● **The problem**
Please give the whole listing again word for word, and drop any pictures it holds.
:: Data below
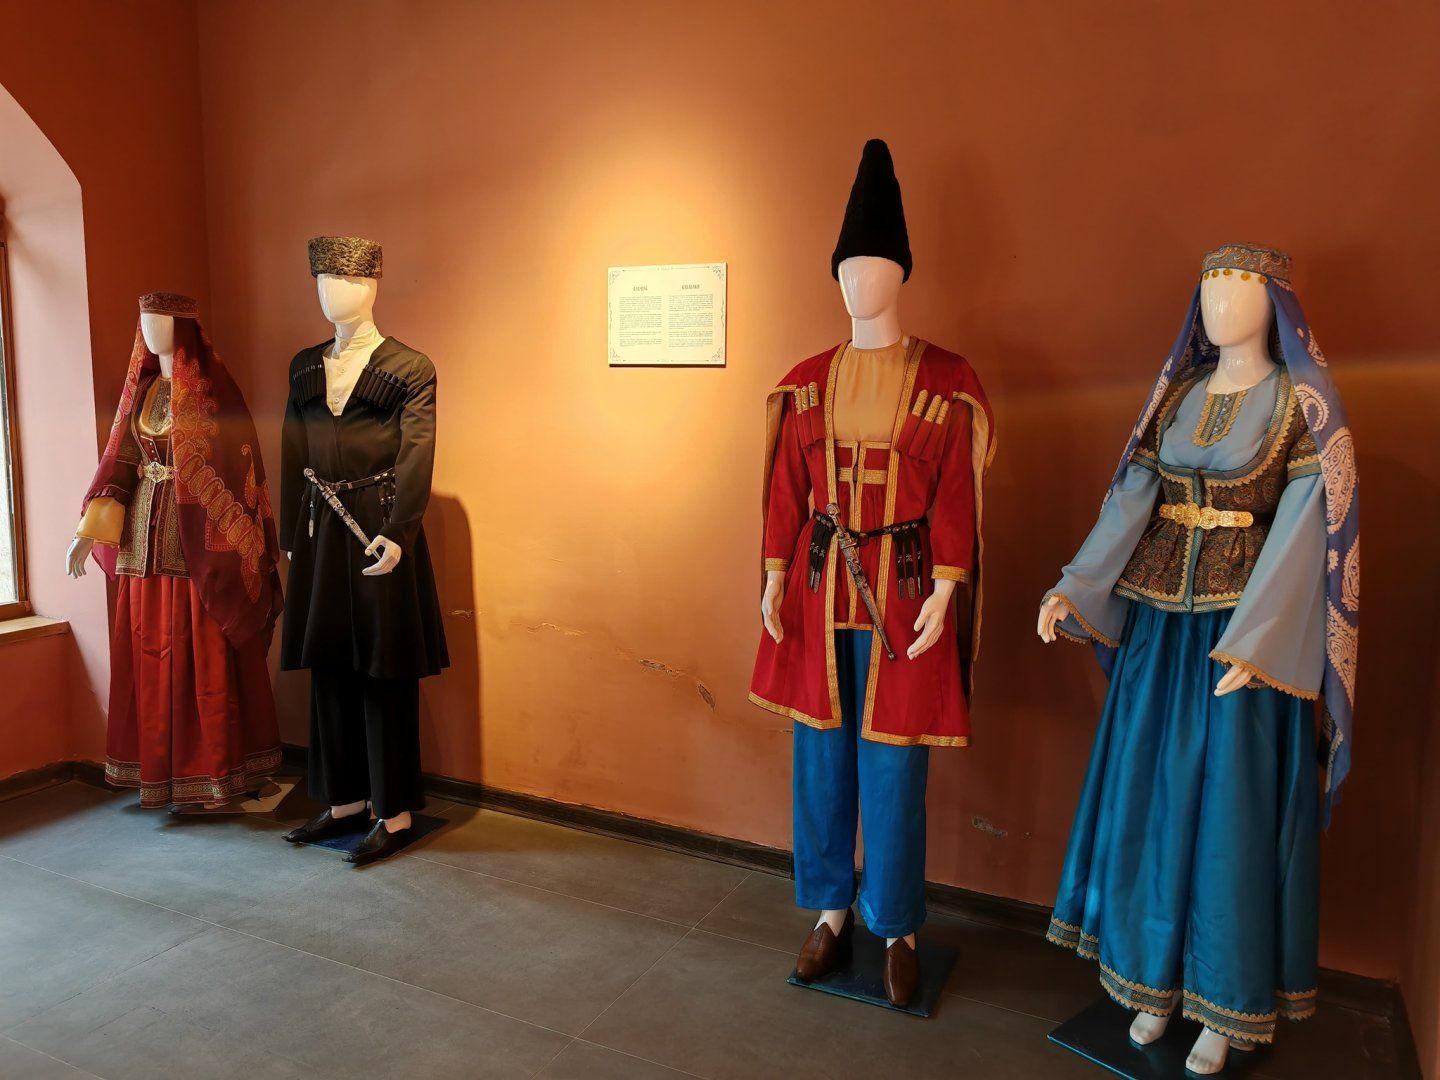 Garabagh traditional clothing on display in Shusha [PHOTOS]
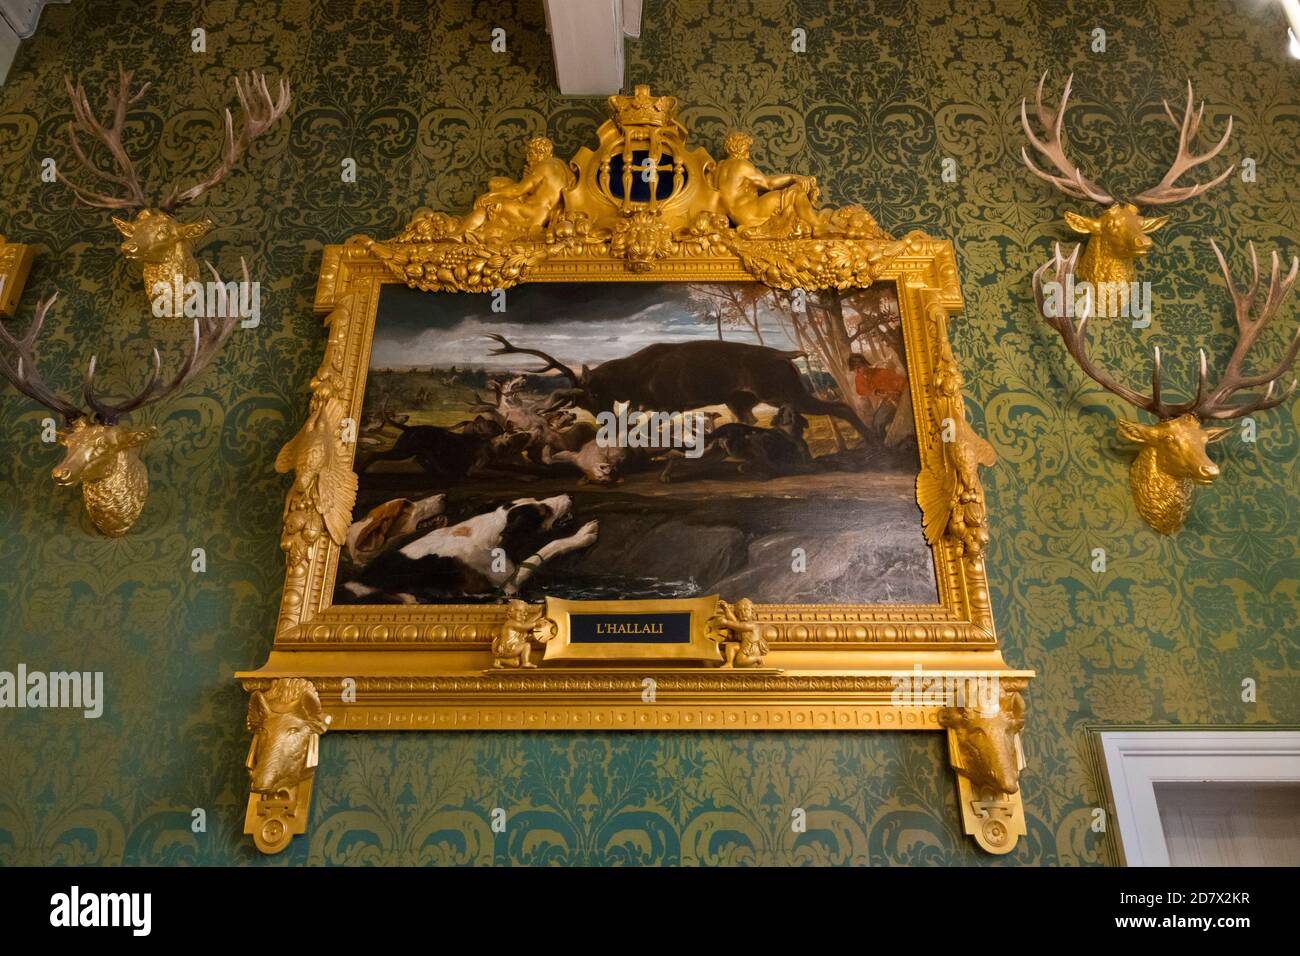 France, Loir-et-Cher (41), Chambord (UNESCO World Heritage), royal castle of the Renaissance, hunting room, painting of hallali hunting scene Stock Photo
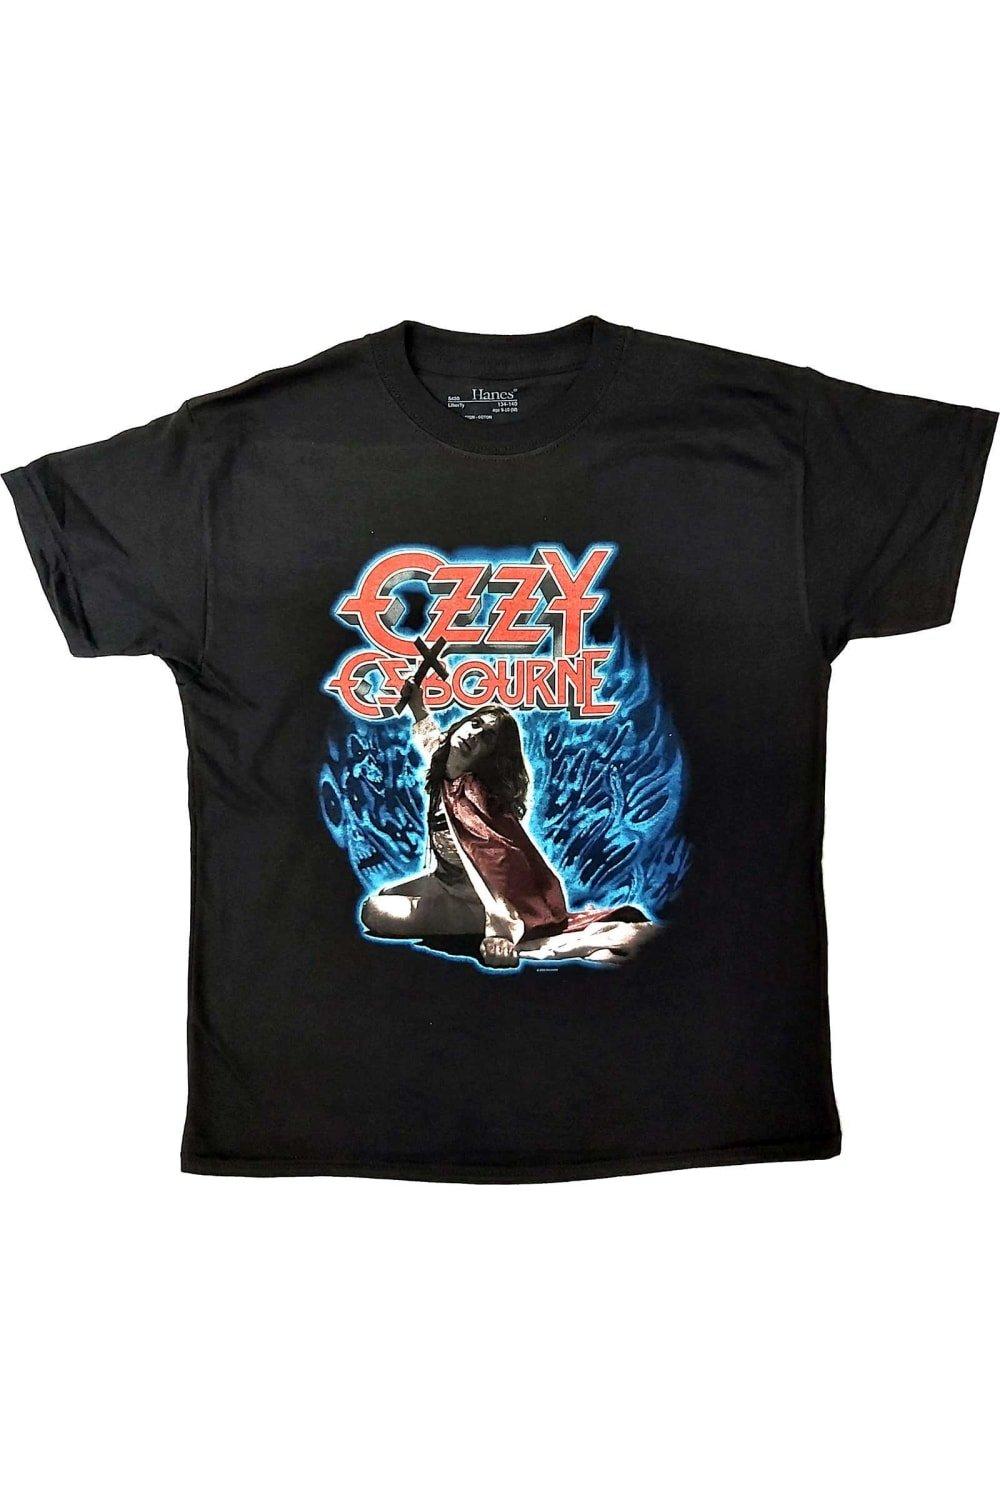 Хлопковая футболка Blizzard Of Ozz Ozzy Osbourne, черный osbourne ozzy виниловая пластинка osbourne ozzy blizzard of ozz
::::
● **Output for this exercise**
 Garabagh traditional clothing on display in Shusha [PHOTOS]
 France, Loir-et-Cher (41), Chambord (UNESCO World Heritage), royal castle of the Renaissance, hunting room, painting of hallali hunting scene Stock Photo
 Хлопковая футболка Blizzard Of Ozz Ozzy Osbourne, черный osbourne ozzy виниловая пластинка osbourne ozzy blizzard of ozz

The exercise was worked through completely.